Data segment:
━━━━━━━━━━━━━━━━━━━━━━━━━━━━━━

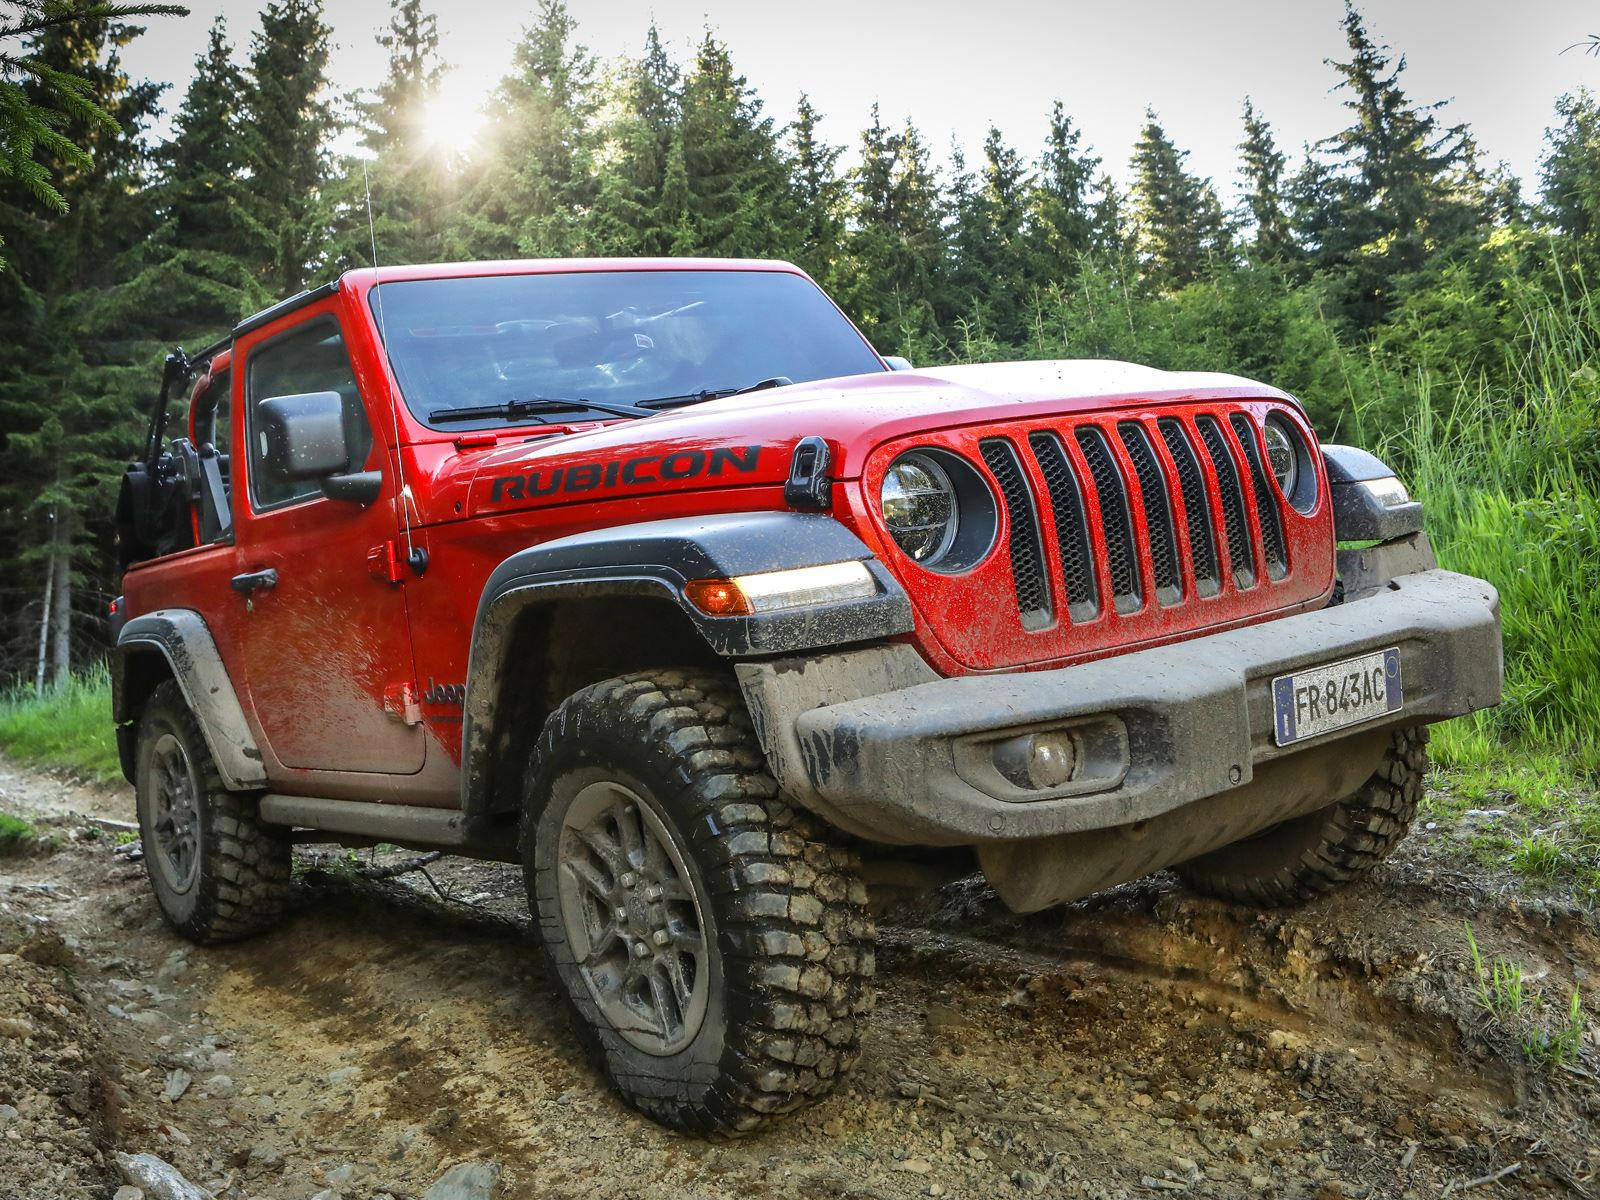 Here Are The Diesel Engine Specs For Europe's 2019 Jeep Wrangler | CarBuzz
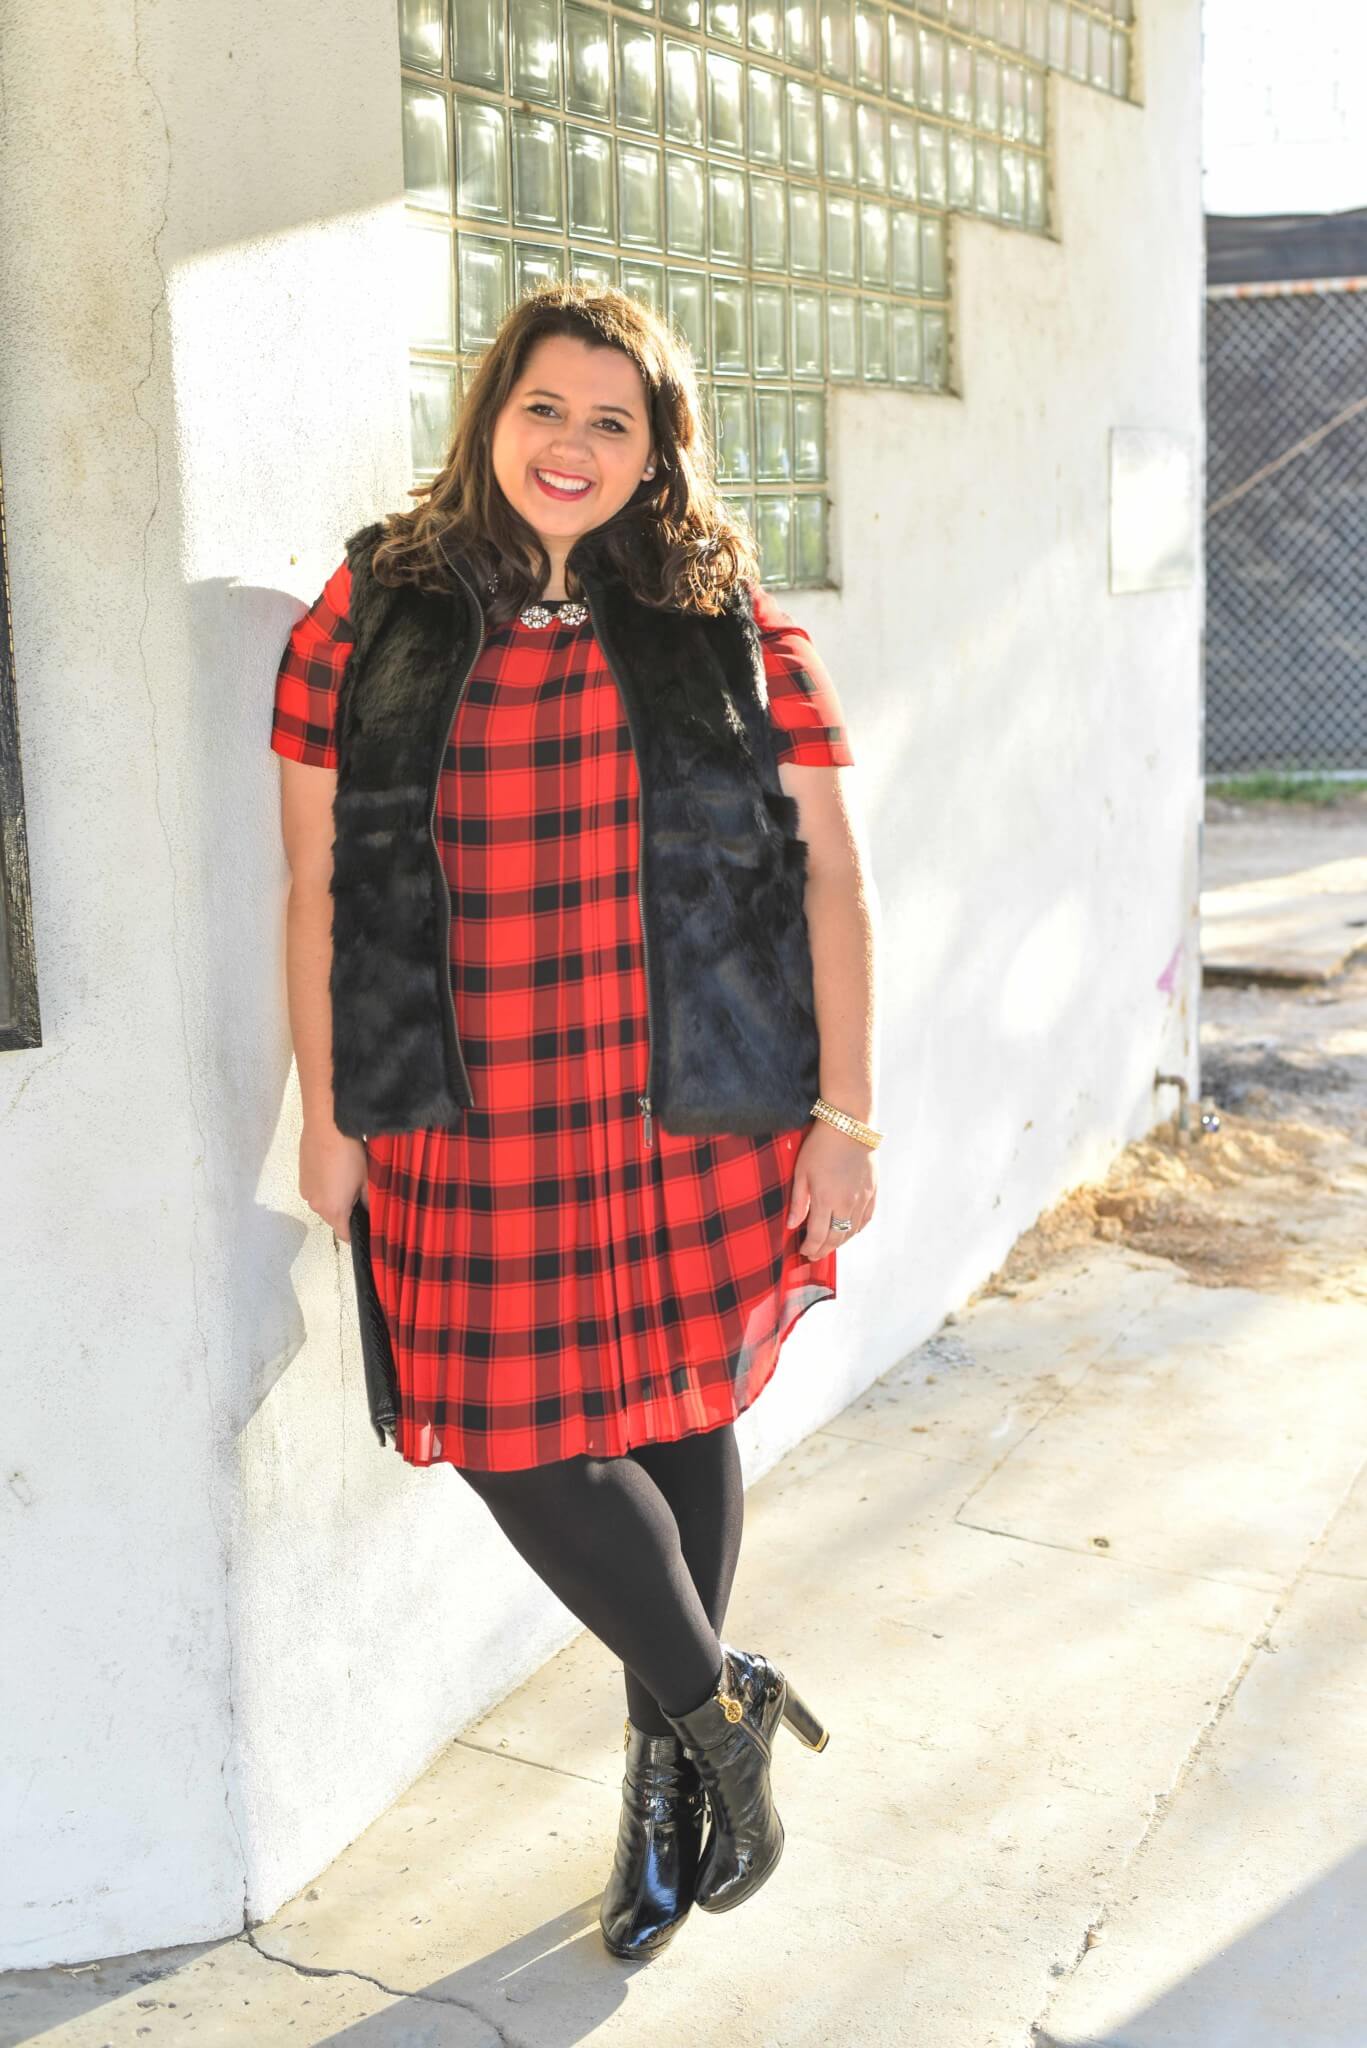 The holidays can be stressful, but having a casual holiday party look planned out and ready to go is one way to help simplify your to do list. This red buffalo plaid shirt dress and black faux fur vest from Foxcroft make the perfect combination with some glamourous jewlery. - @EmilySGSB - Curvy Style Blogger from Something Gold, Something Blue
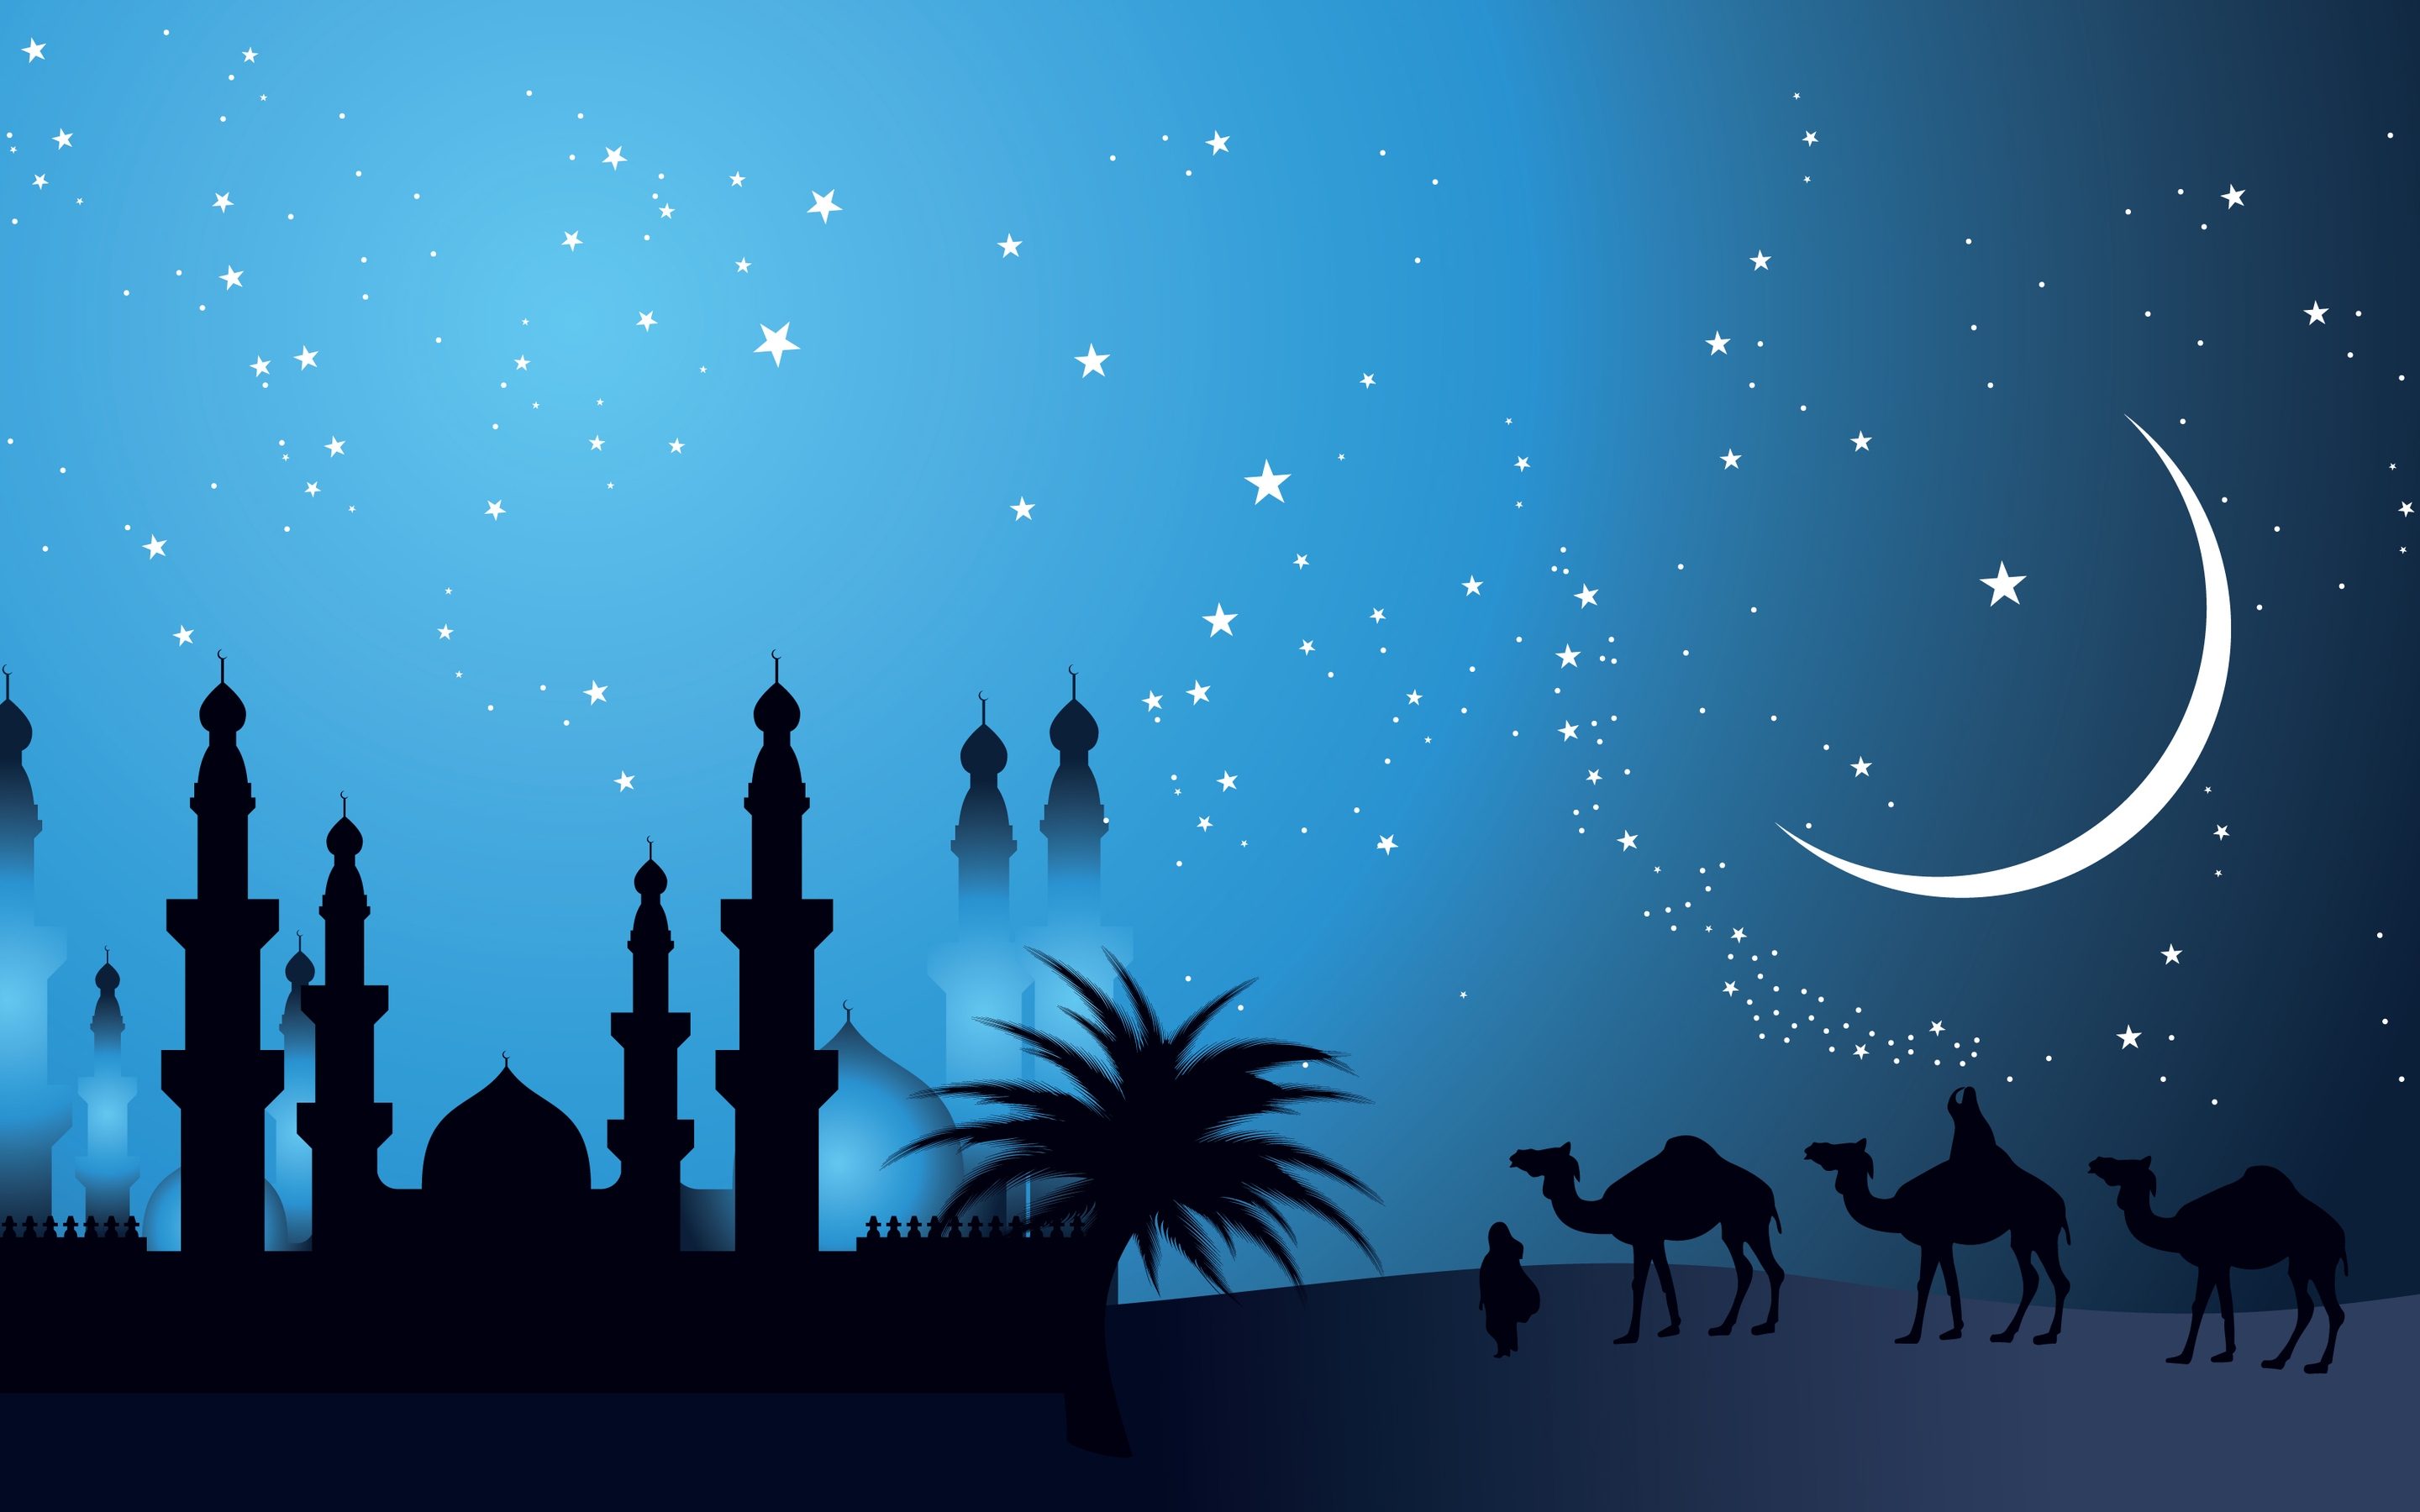 Camels in The Night for 2880 x 1800 Retina Display resolution

━━━━━━━━━━━━━━━━━━━━━━━━━━━━━━

The task: A faithful copy of the data above is wanted, with every image left out.

Answer section:
 Here Are The Diesel Engine Specs For Europe's 2019 Jeep Wrangler | CarBuzz
 The holidays can be stressful, but having a casual holiday party look planned out and ready to go is one way to help simplify your to do list. This red buffalo plaid shirt dress and black faux fur vest from Foxcroft make the perfect combination with some glamourous jewlery. - @EmilySGSB - Curvy Style Blogger from Something Gold, Something Blue
 Camels in The Night for 2880 x 1800 Retina Display resolution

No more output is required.